Related:
|
Struggling chain considers a sale
Unhappy stockholders press for action as CEO lays out a plan to revive brand
Under pressure from disgruntled shareholders, Friendly Ice Cream Corp., the Wilbraham chain known for its sandwiches and sundaes, said yesterday it is considering putting the 72-year-old company up for sale.
Friendly's new chief executive George Condos , formerly of Dunkin' Donuts, also laid out plans yesterday to help revive the beleaguered brand, such as updating the menu to include more contemporary sandwiches, cold beverages, and other healthy options, modernizing the restaurants, and putting a premium on quick service.
"We need to reposition and energize the Friendly's brand," Condos said.

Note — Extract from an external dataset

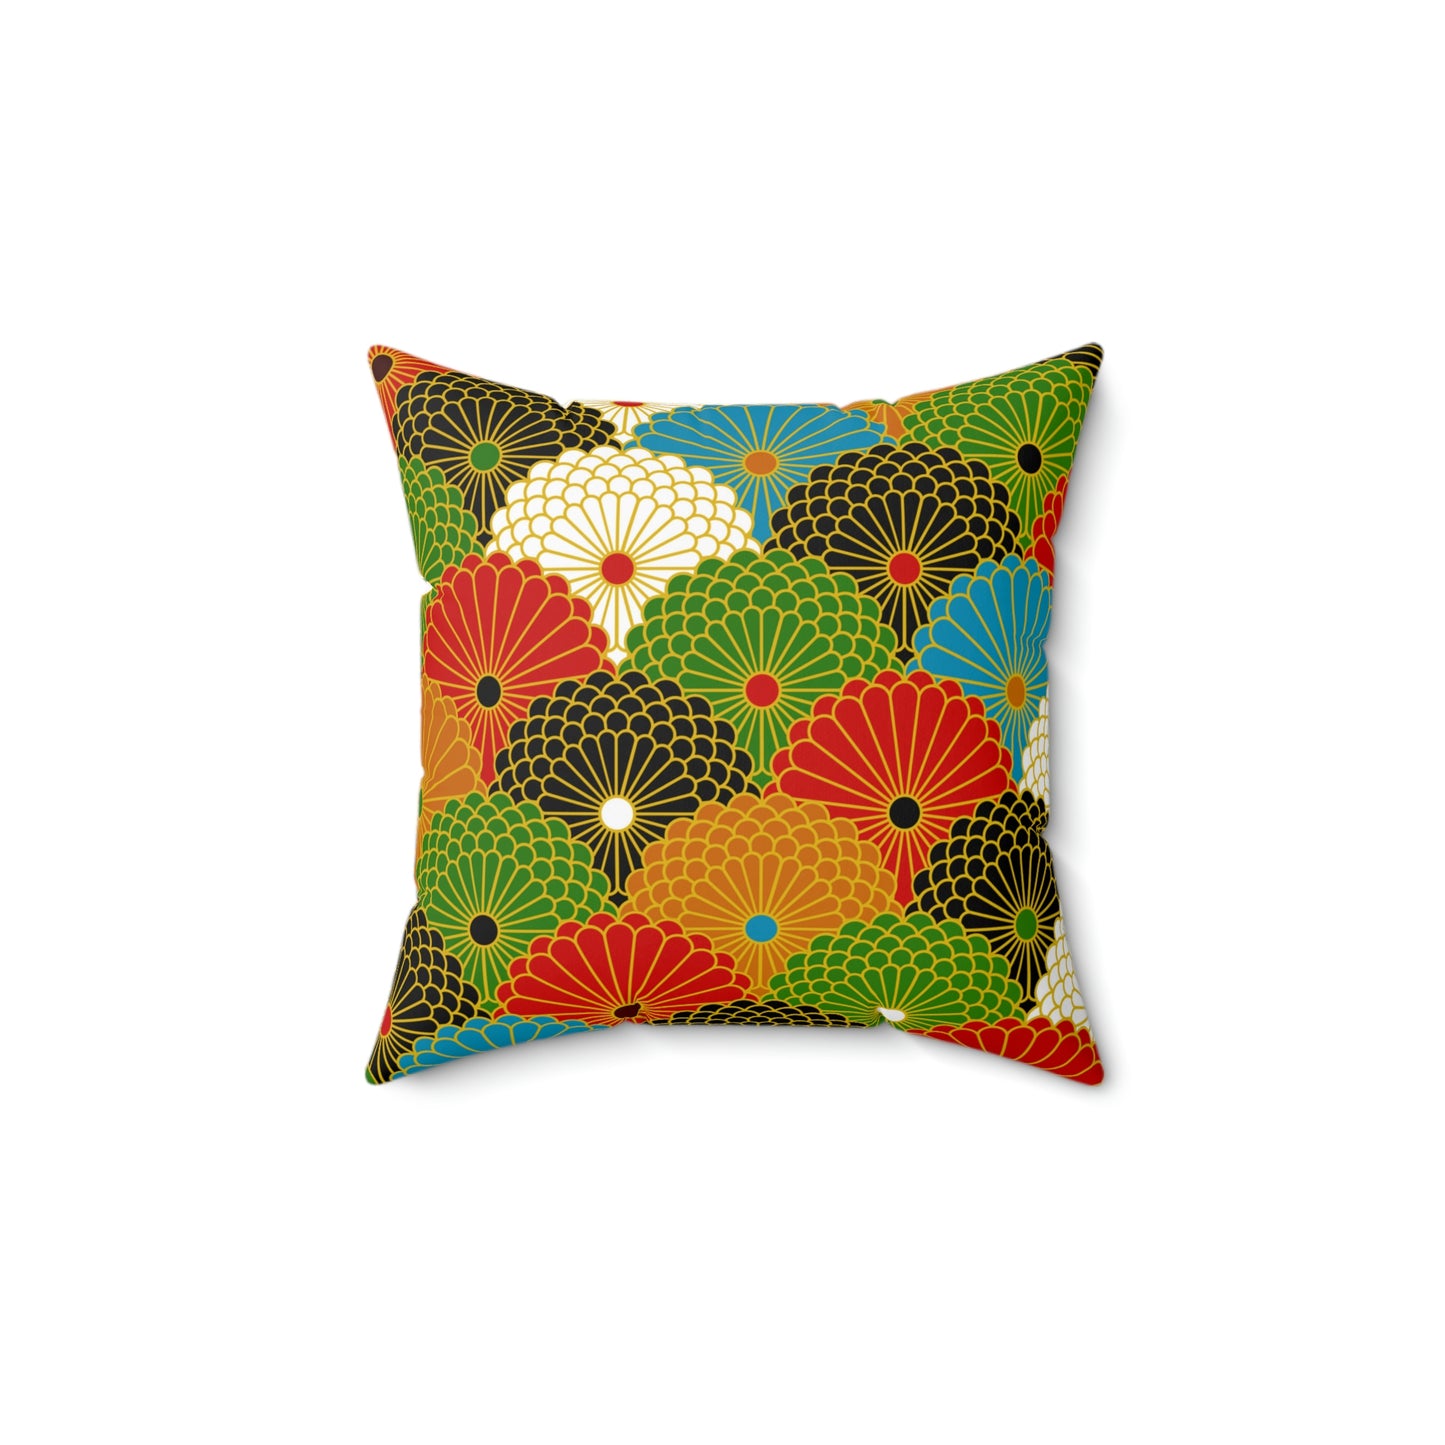 Colorful & Beautiful Asian Pattern Spun Polyester Square Pillow

Until recently, Friendly's stock has been moribund, too. Only once this decade has the stock flirted with the $18 price range of its 1997 initial public offering, but otherwise has been long depressed. A proxy battle from a dissident shareholder coupled with yesterday's development have been a tonic to the stock price; yesterday shares jumped 16.47 percent to close at $13.79, the highest since June 2004.
Friendly's directors said in a statement they have hired investment bank Goldman Sachs & Co., to assist the "board in exploring strategic alternatives to enhance shareholder value," including a possible sale.
Meantime, on Tuesday Sardar Biglari , one of the firm's largest stockholders, sent a letter to other shareholders outlining his strategy to shake up the chain if he and business partner, Philip L. Cooley, win the two directors seats up for election at the company's annual meeting in May. He said the firm needs to convert more company-owned stores to franchises and curb executive compensation.
Biglari declined to comment beyond the letter. Friendly has not responded to Biglari's most recent letter. Directors had previously offered Biglari and Cooley two seats on the board, but the pair rejected the offer because they did not like conditions the board had attached.
Friendly has been mired in controversy for several years. In 2003, co founder S. Prestley Blake , filed a lawsuit against Friendly and company executives that accused chairman Donald Smith of misusing company funds. The suit is pending. Blake, who founded the neighborhood ice cream shop with his brother during the Great Depression, still has a 12 percent stake in the public company.
Blake's attorney, James C. Donnelly , said the move to put the company up for sale is an effort by Friendly's board of directors to thwart dissident shareholders.
"It sends the message that the board would rather sell the company quickly than face the stockholders. And it is inconsistent with decisions made as recently as three months ago when they hired a new chief executive," Donnelly said. Condos was appointed chief executive in January and awarded a base salary of $475,000 this year. If Condos is terminated for any reason other than cause, the company will offer one year base salary in severance, according to his contract.
Friendly's board has not set a timetable for when it intends to decide on the company's future. Condos said he is focusing on turning around the brand.
Restaurant analysts said Friendly's, which has more than 500 restaurants, mostly in the Northeast, has struggled to stay relevant, as it faces pressure from rival casual dining eateries and ice cream shops, such as Cold Stone Creamery.
"Friendly's hasn't created or executed a strategy to get itself out of its doldrums, either by revamping the menu or changing the value perception," said Dennis Lombardi , executive vice president of food services strategies at WD Partners in Columbus, Ohio.
Still, analysts say Friendly could be an attractive turnaround buy for private equity firms. In 2006, 100 US public companies went private via buyouts, more than double the 45 of the previous year.
Alternately, with its numerous suburban locations, Friendly might be of interest to other retail food companies looking for real estate in the Northeast, where it is very difficult to get sites.
The company also reported fourth-quarter earnings yesterday, netting a profit of $136,000, compared with a loss of $30.2 million a year earlier and $4.9 million for the full-year, compared with a loss of $27.3 million the previous year.